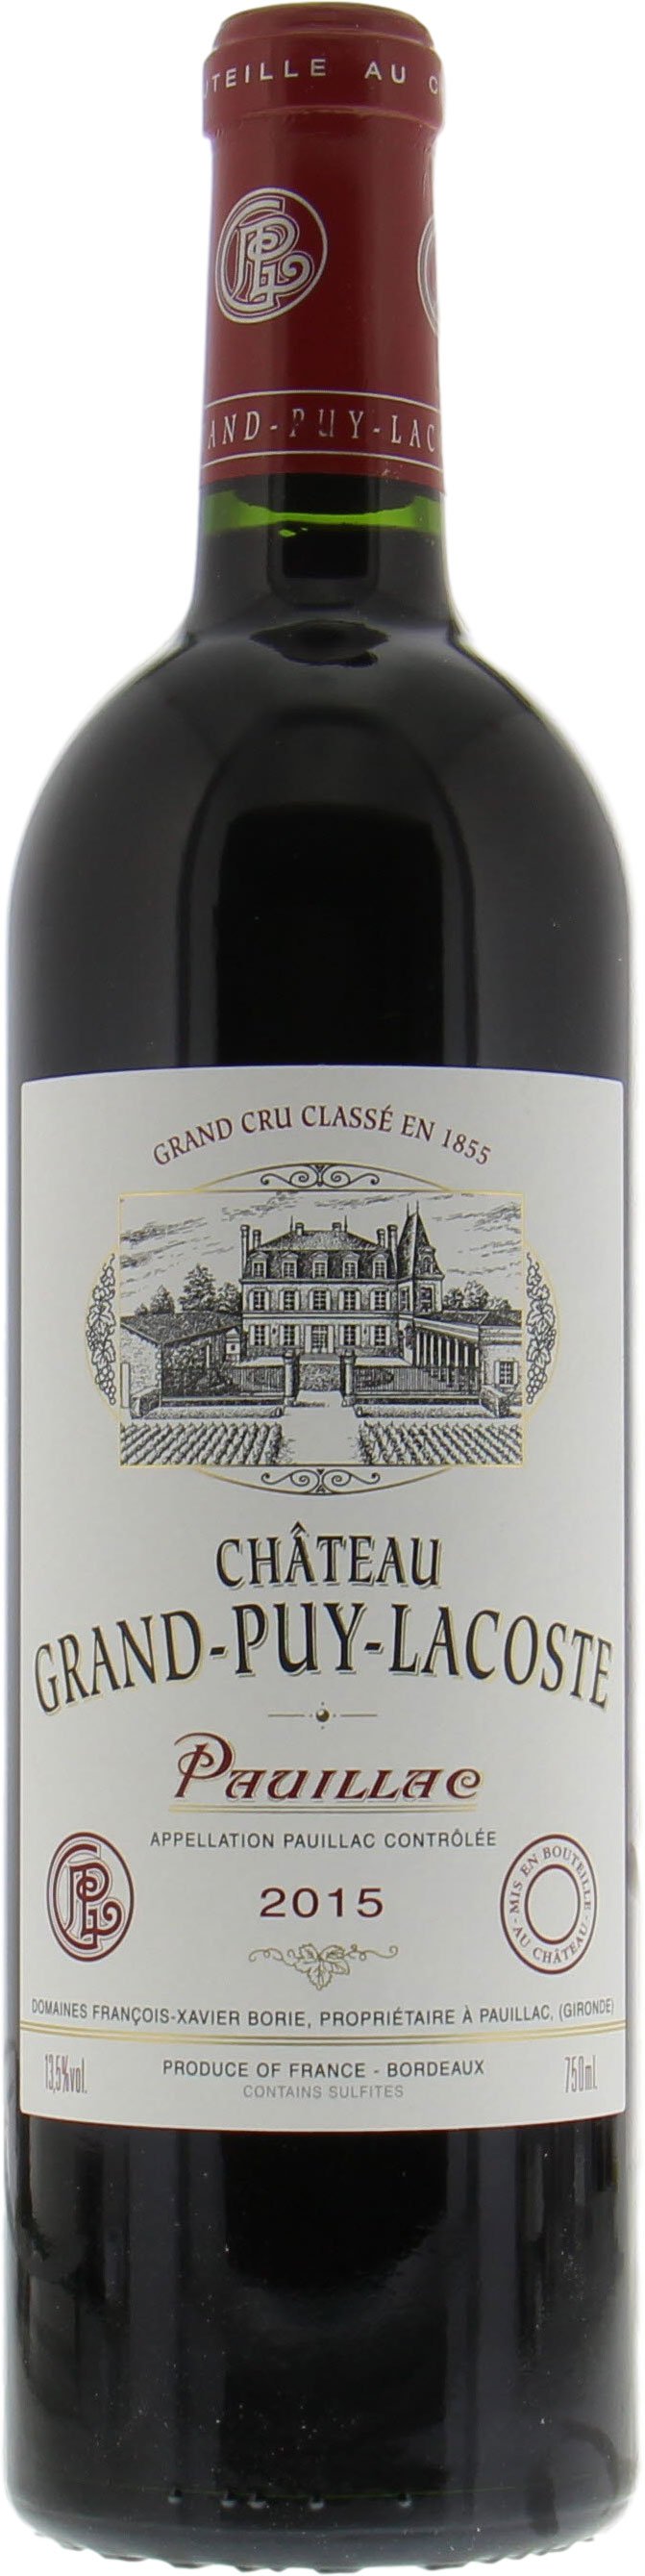 Chateau Grand Puy Lacoste - Chateau Grand Puy Lacoste 2015 Perfect
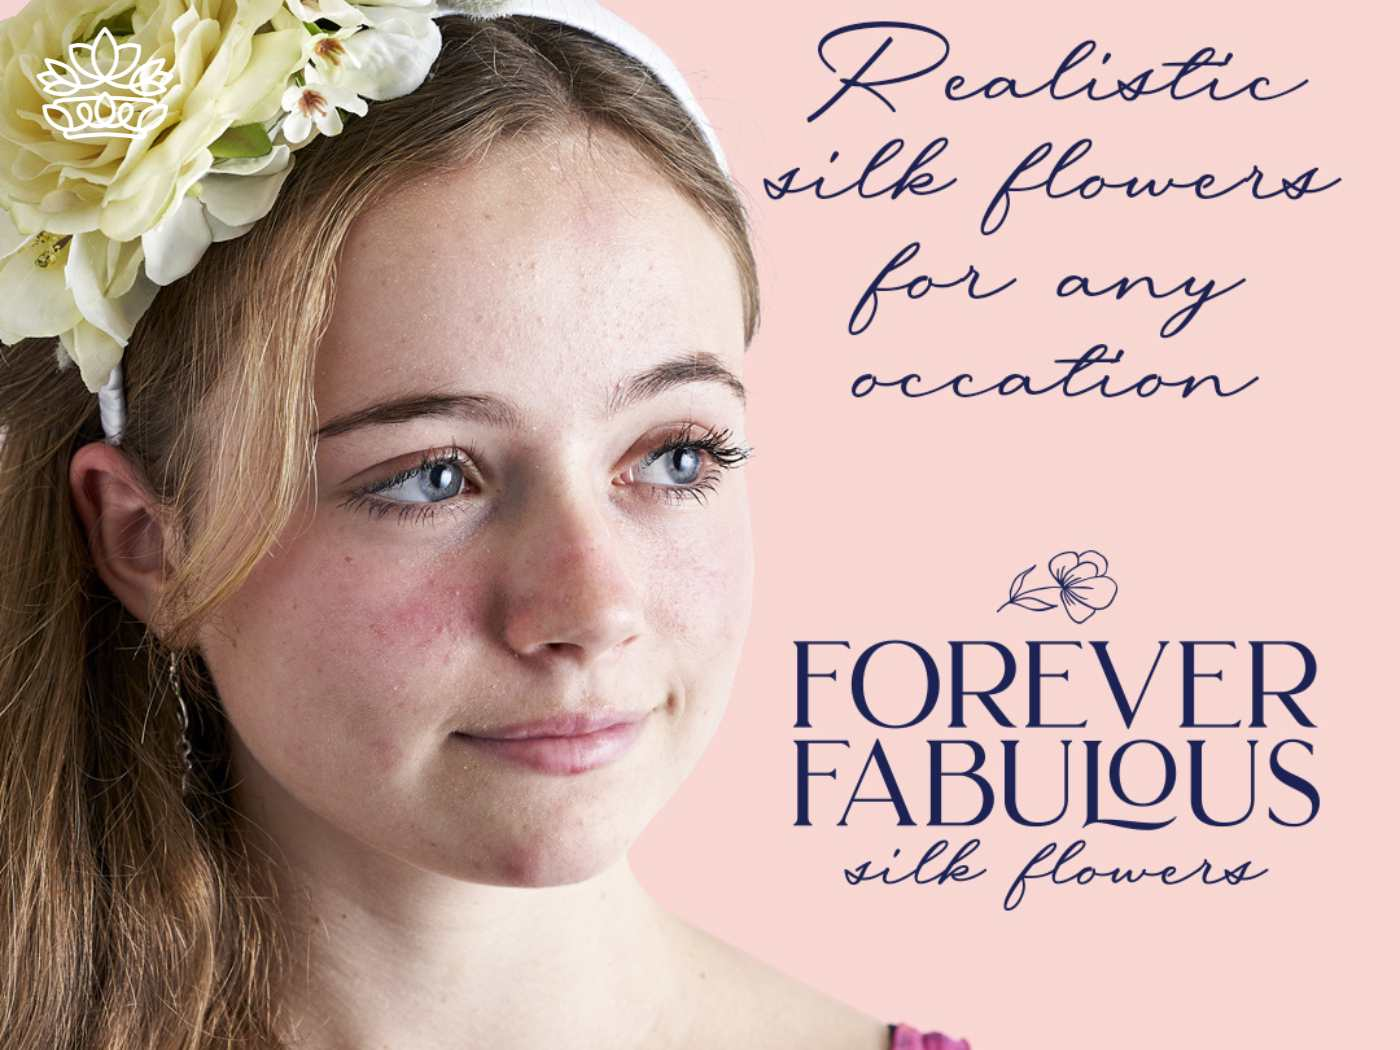 A young lady adorned with a delicate silk flower headband gazes gently to the side, embodying grace and natural beauty, beside the text 'Realistic silk flowers for any occasion' and 'FOREVER FABULOUS silk flowers', available at Fabulous Flowers and Gifts.
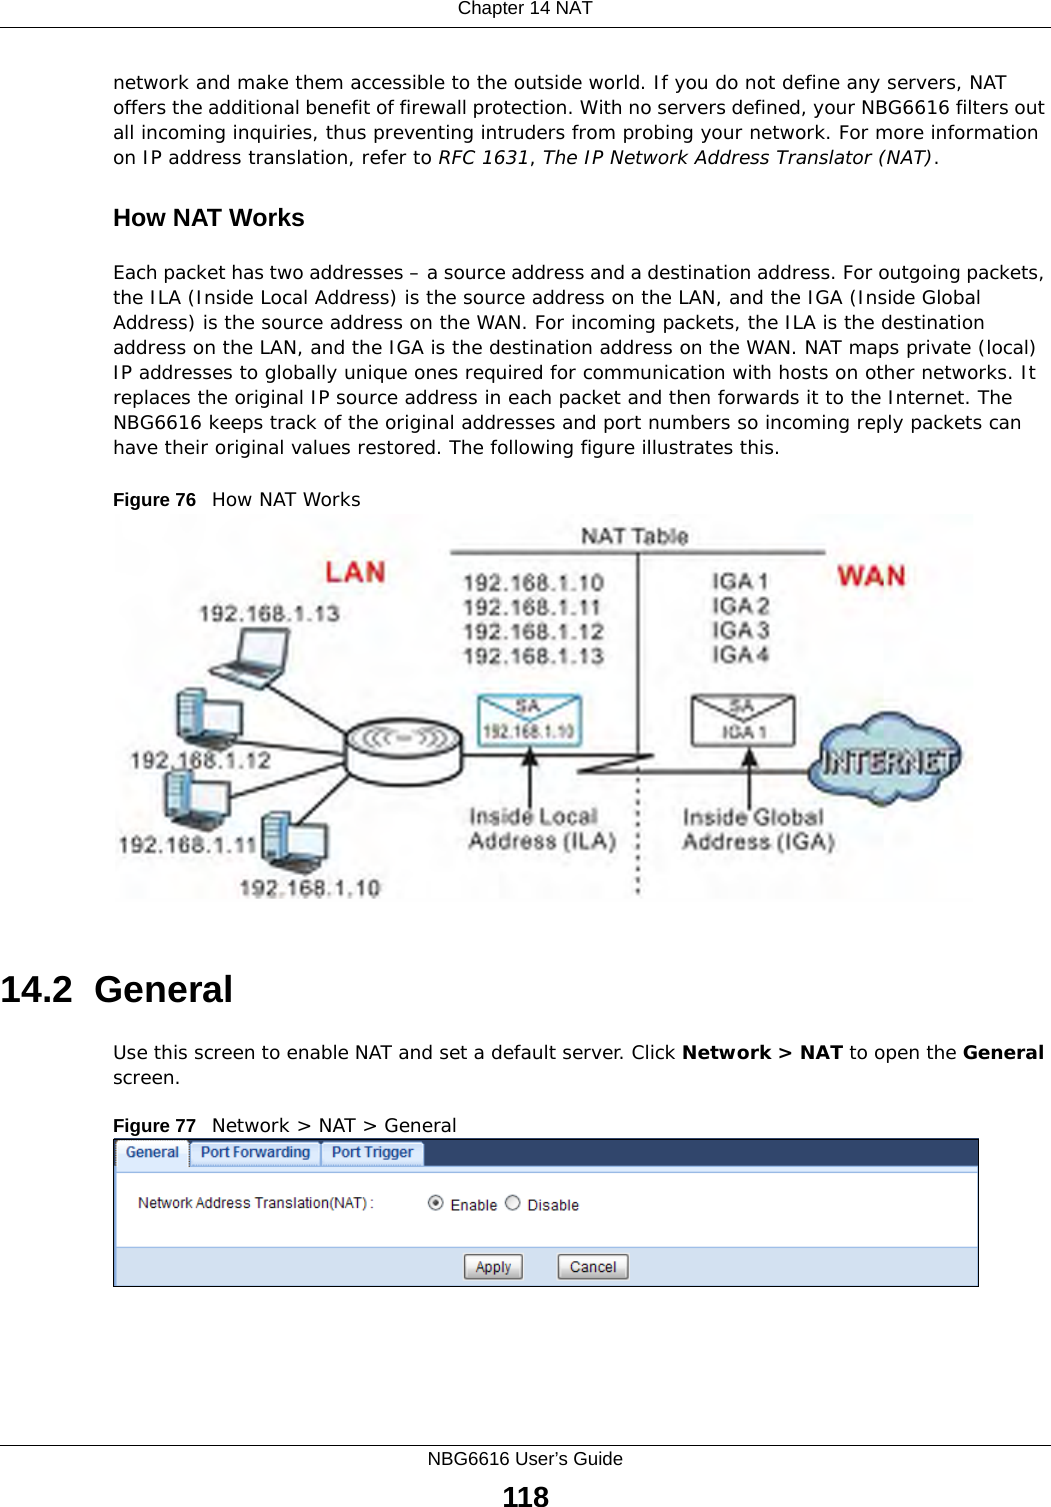 Chapter 14 NATNBG6616 User’s Guide118network and make them accessible to the outside world. If you do not define any servers, NAT offers the additional benefit of firewall protection. With no servers defined, your NBG6616 filters out all incoming inquiries, thus preventing intruders from probing your network. For more information on IP address translation, refer to RFC 1631, The IP Network Address Translator (NAT).How NAT WorksEach packet has two addresses – a source address and a destination address. For outgoing packets, the ILA (Inside Local Address) is the source address on the LAN, and the IGA (Inside Global Address) is the source address on the WAN. For incoming packets, the ILA is the destination address on the LAN, and the IGA is the destination address on the WAN. NAT maps private (local) IP addresses to globally unique ones required for communication with hosts on other networks. It replaces the original IP source address in each packet and then forwards it to the Internet. The NBG6616 keeps track of the original addresses and port numbers so incoming reply packets can have their original values restored. The following figure illustrates this.Figure 76   How NAT Works14.2  GeneralUse this screen to enable NAT and set a default server. Click Network &gt; NAT to open the General screen.Figure 77   Network &gt; NAT &gt; General 
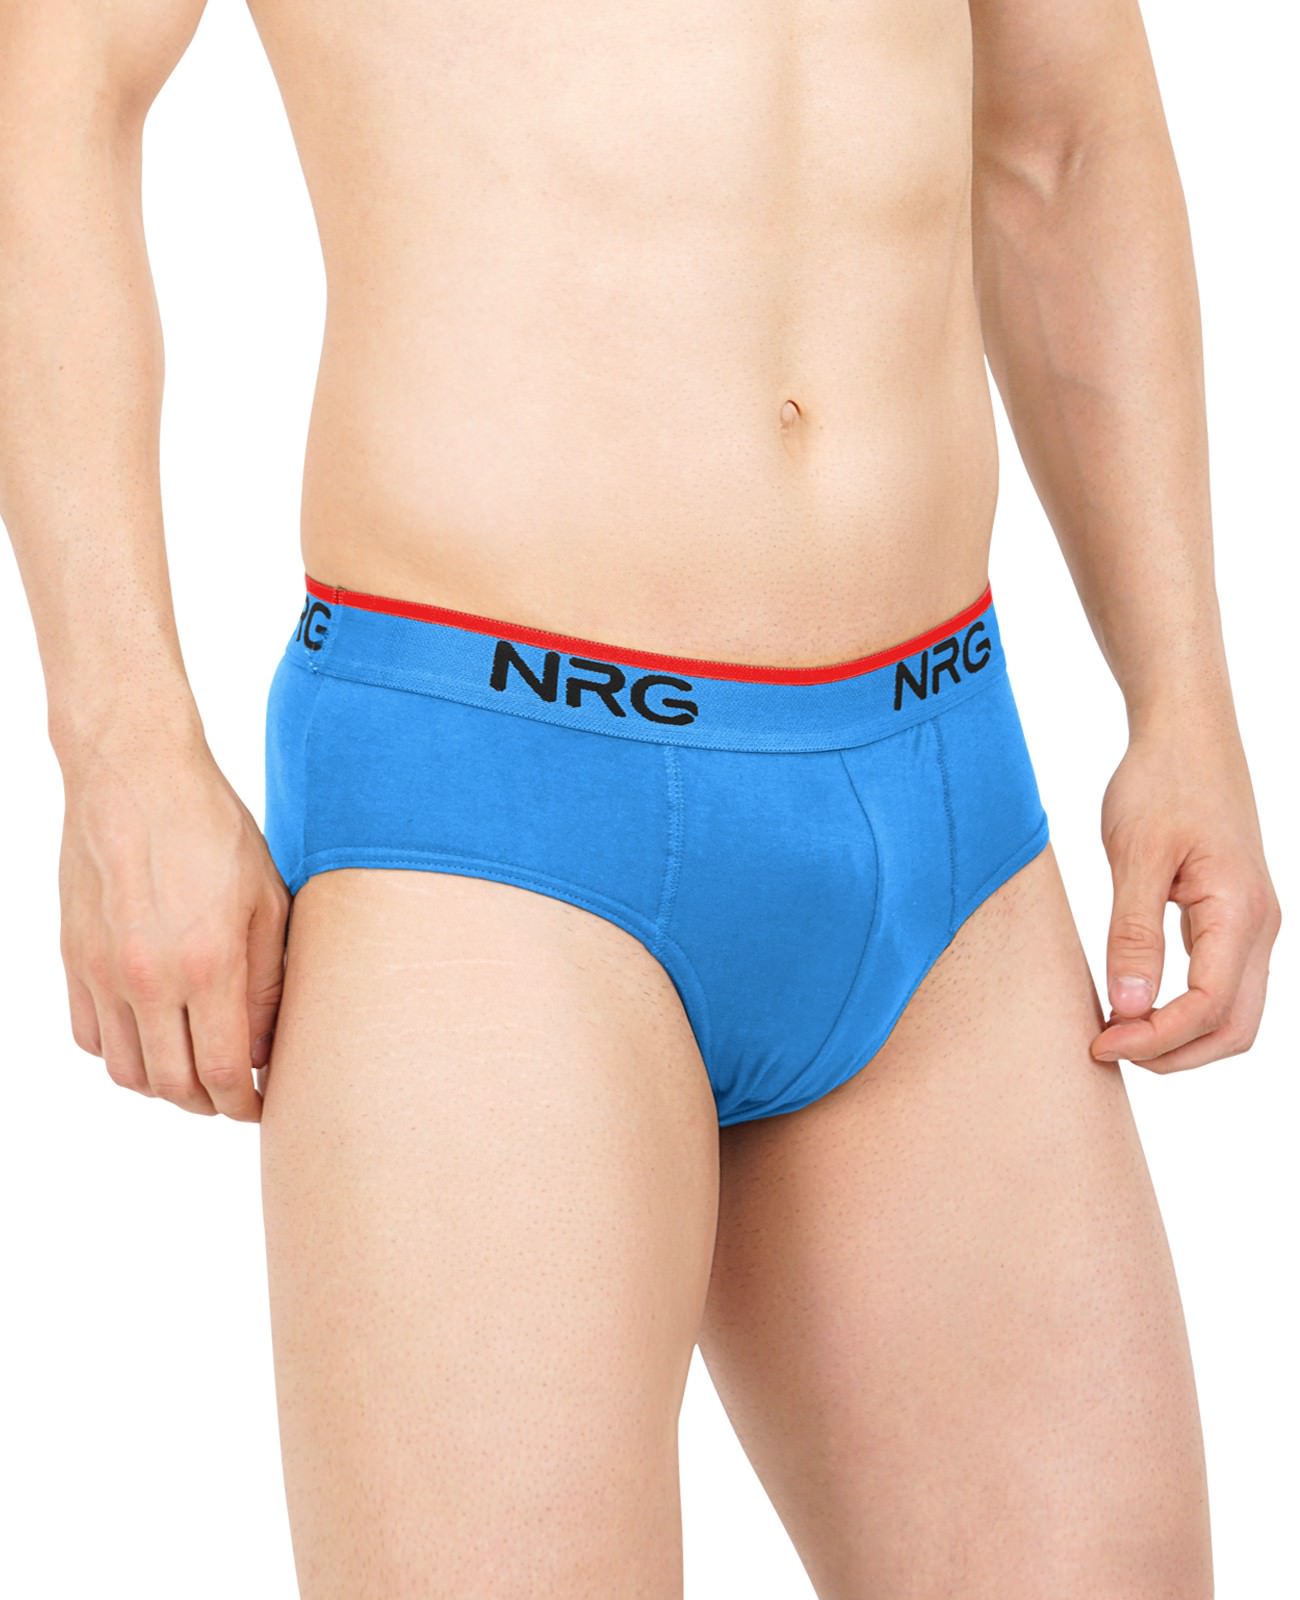 NRG Impex Blue Colour Brief for Gents

####################

Task item
When you retype the data above, match every line exactly and leave the pictures behind.

Output
 Chateau Grand Puy Lacoste - Chateau Grand Puy Lacoste 2015 Perfect
 A young lady adorned with a delicate silk flower headband gazes gently to the side, embodying grace and natural beauty, beside the text 'Realistic silk flowers for any occasion' and 'FOREVER FABULOUS silk flowers', available at Fabulous Flowers and Gifts.
 Chapter 14 NATNBG6616 User’s Guide118network and make them accessible to the outside world. If you do not define any servers, NAT offers the additional benefit of firewall protection. With no servers defined, your NBG6616 filters out all incoming inquiries, thus preventing intruders from probing your network. For more information on IP address translation, refer to RFC 1631, The IP Network Address Translator (NAT).How NAT WorksEach packet has two addresses – a source address and a destination address. For outgoing packets, the ILA (Inside Local Address) is the source address on the LAN, and the IGA (Inside Global Address) is the source address on the WAN. For incoming packets, the ILA is the destination address on the LAN, and the IGA is the destination address on the WAN. NAT maps private (local) IP addresses to globally unique ones required for communication with hosts on other networks. It replaces the original IP source address in each packet and then forwards it to the Internet. The NBG6616 keeps track of the original addresses and port numbers so incoming reply packets can have their original values restored. The following figure illustrates this.Figure 76   How NAT Works14.2  GeneralUse this screen to enable NAT and set a default server. Click Network &gt; NAT to open the General screen.Figure 77   Network &gt; NAT &gt; General 
 NRG Impex Blue Colour Brief for Gents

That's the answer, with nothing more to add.